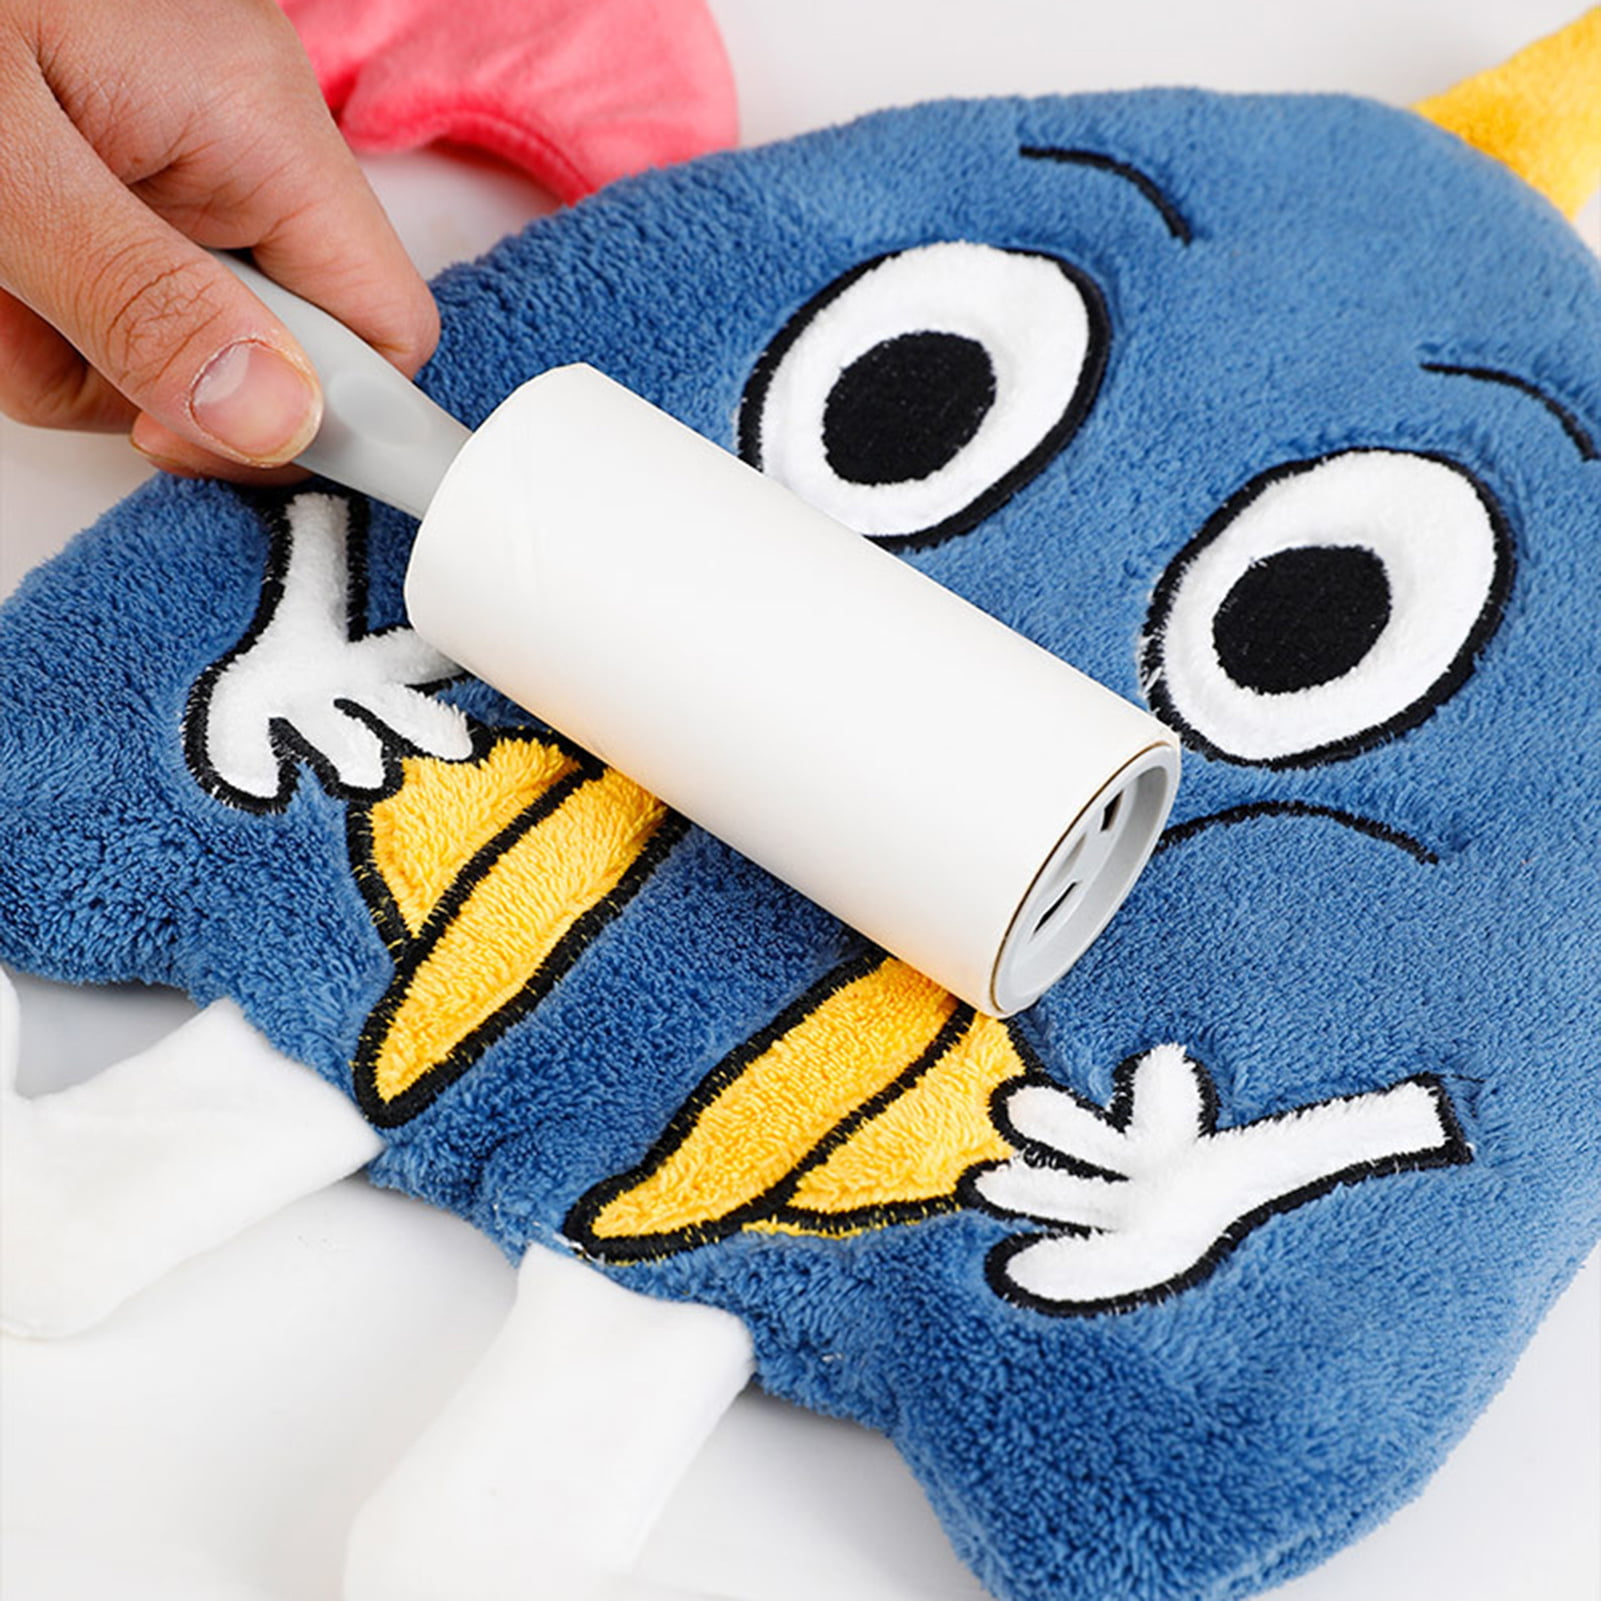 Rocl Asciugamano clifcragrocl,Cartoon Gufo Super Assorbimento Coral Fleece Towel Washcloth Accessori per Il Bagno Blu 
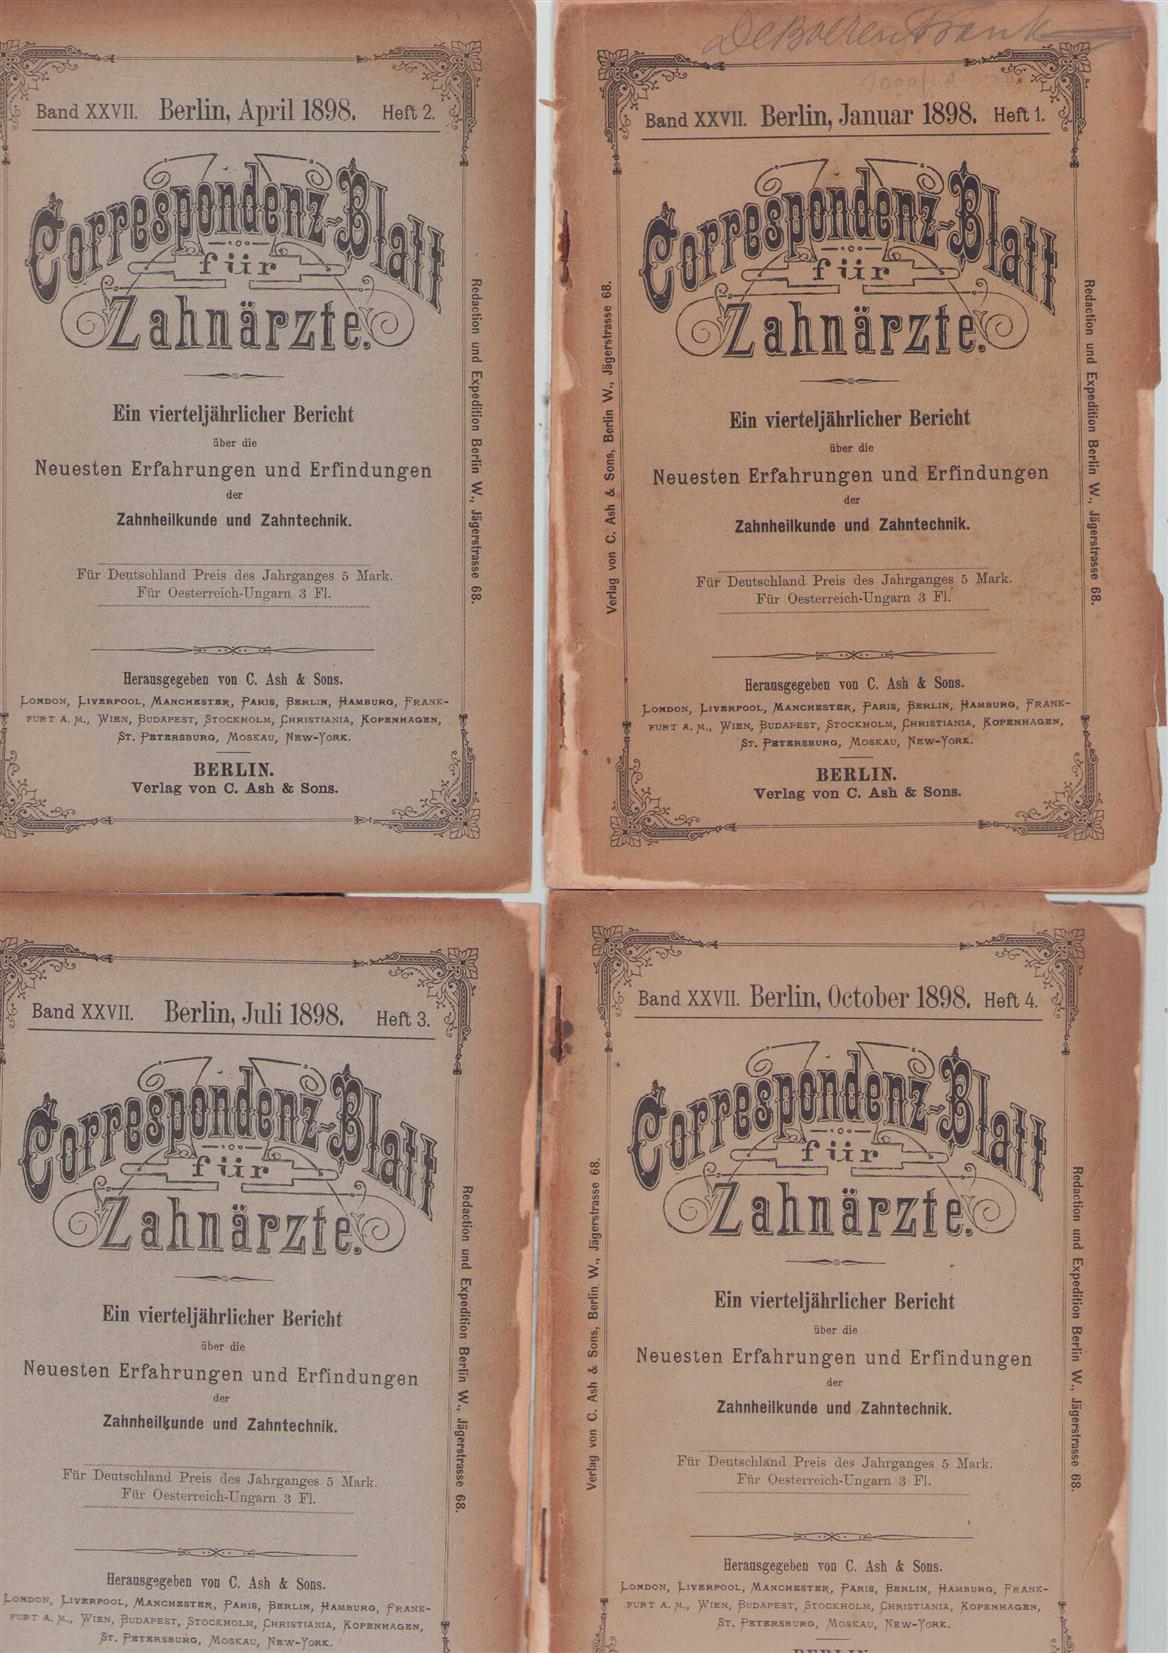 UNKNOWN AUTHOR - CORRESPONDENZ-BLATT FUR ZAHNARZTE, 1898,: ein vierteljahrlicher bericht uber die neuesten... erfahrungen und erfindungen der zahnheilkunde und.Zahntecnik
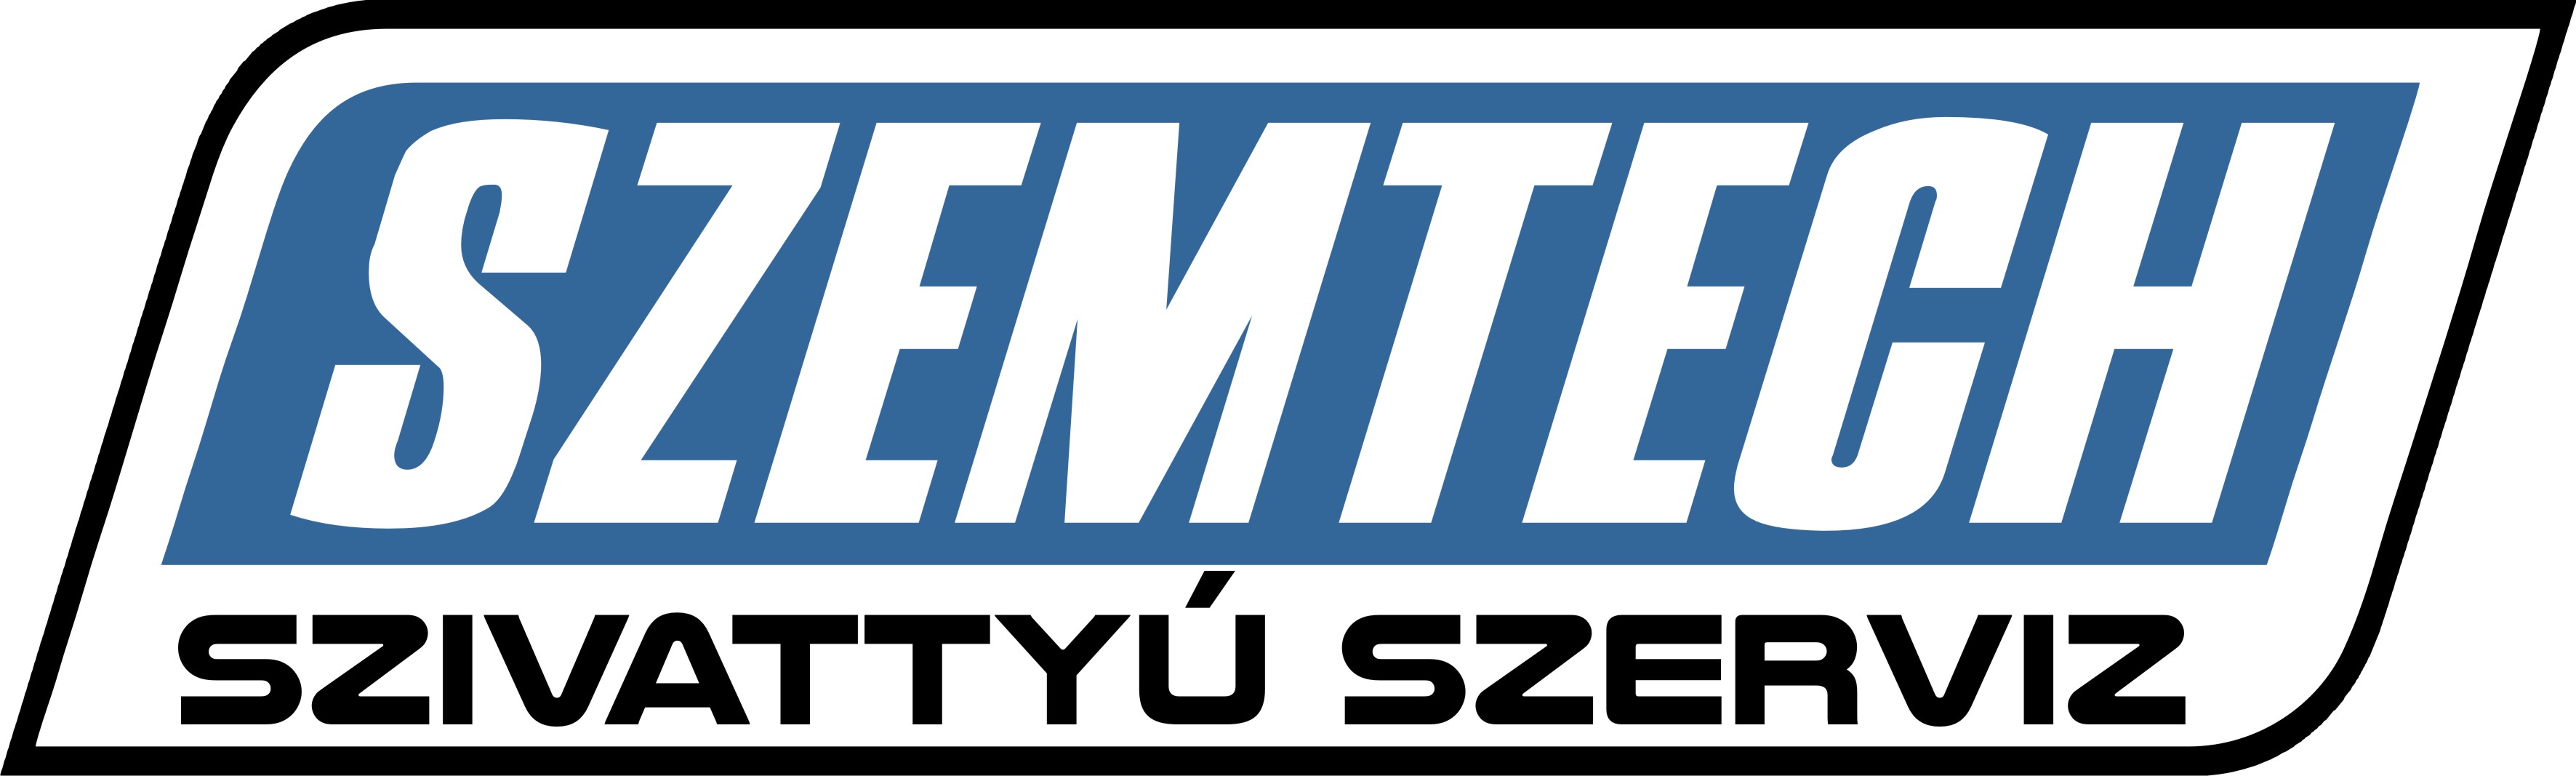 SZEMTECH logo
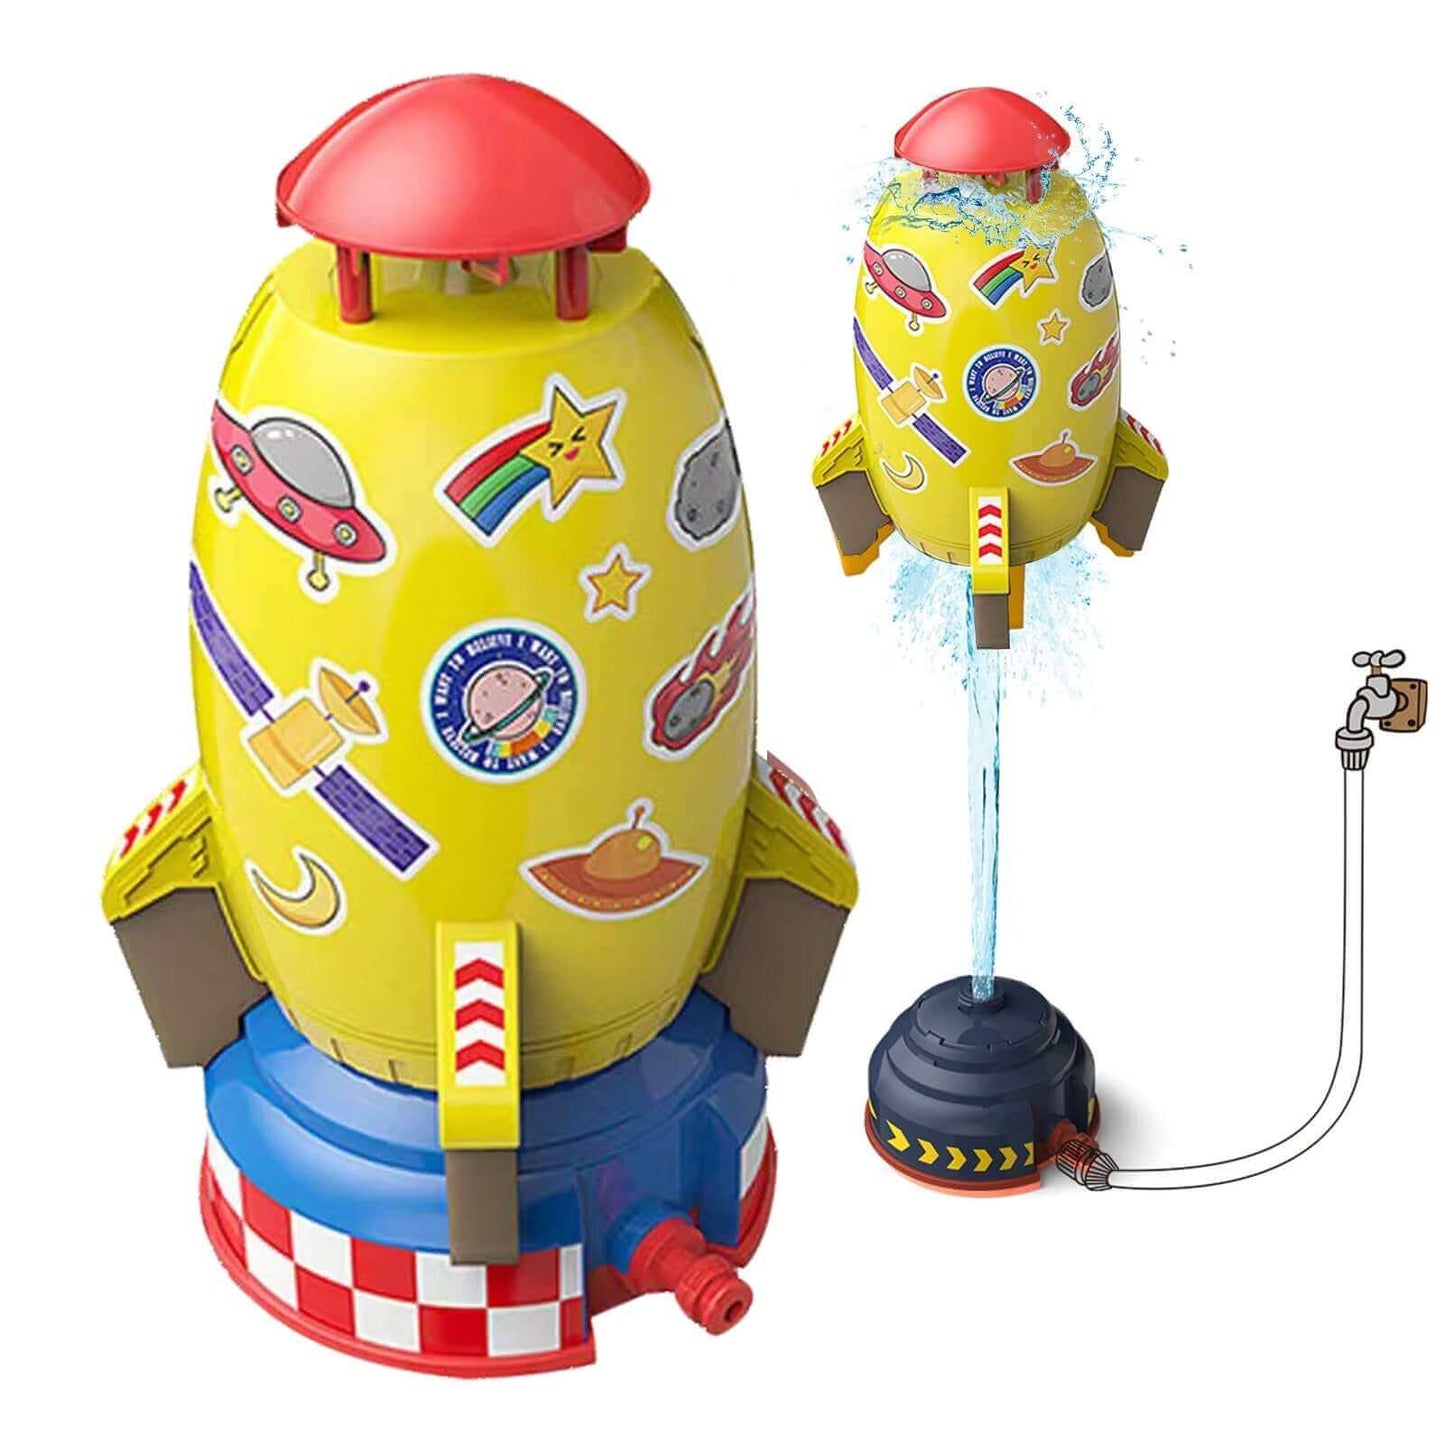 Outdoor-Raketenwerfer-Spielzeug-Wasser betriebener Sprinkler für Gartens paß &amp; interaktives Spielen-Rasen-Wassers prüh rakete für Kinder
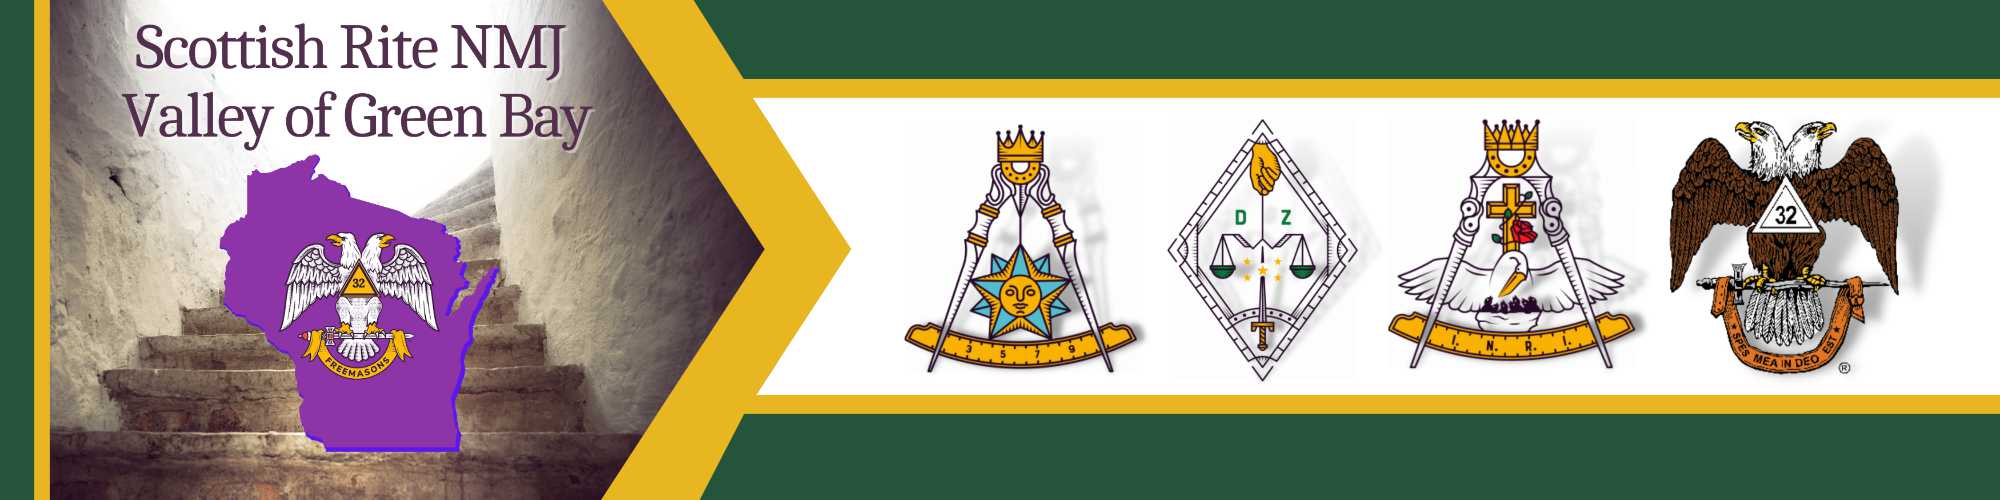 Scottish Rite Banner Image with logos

****

--- ACTIVITY ---
Transcribe, please, the lines from the one holding "Outdoor-Raketenwerfer-Spielzeug-Wasser betriebener Sprinkler" to the final line of the material, both included, exactly and with no extra lines, and skip the pictures.

--- OUTPUT FOR THIS EXERCISE ---
 Outdoor-Raketenwerfer-Spielzeug-Wasser betriebener Sprinkler für Gartens paß &amp; interaktives Spielen-Rasen-Wassers prüh rakete für Kinder
 Scottish Rite Banner Image with logos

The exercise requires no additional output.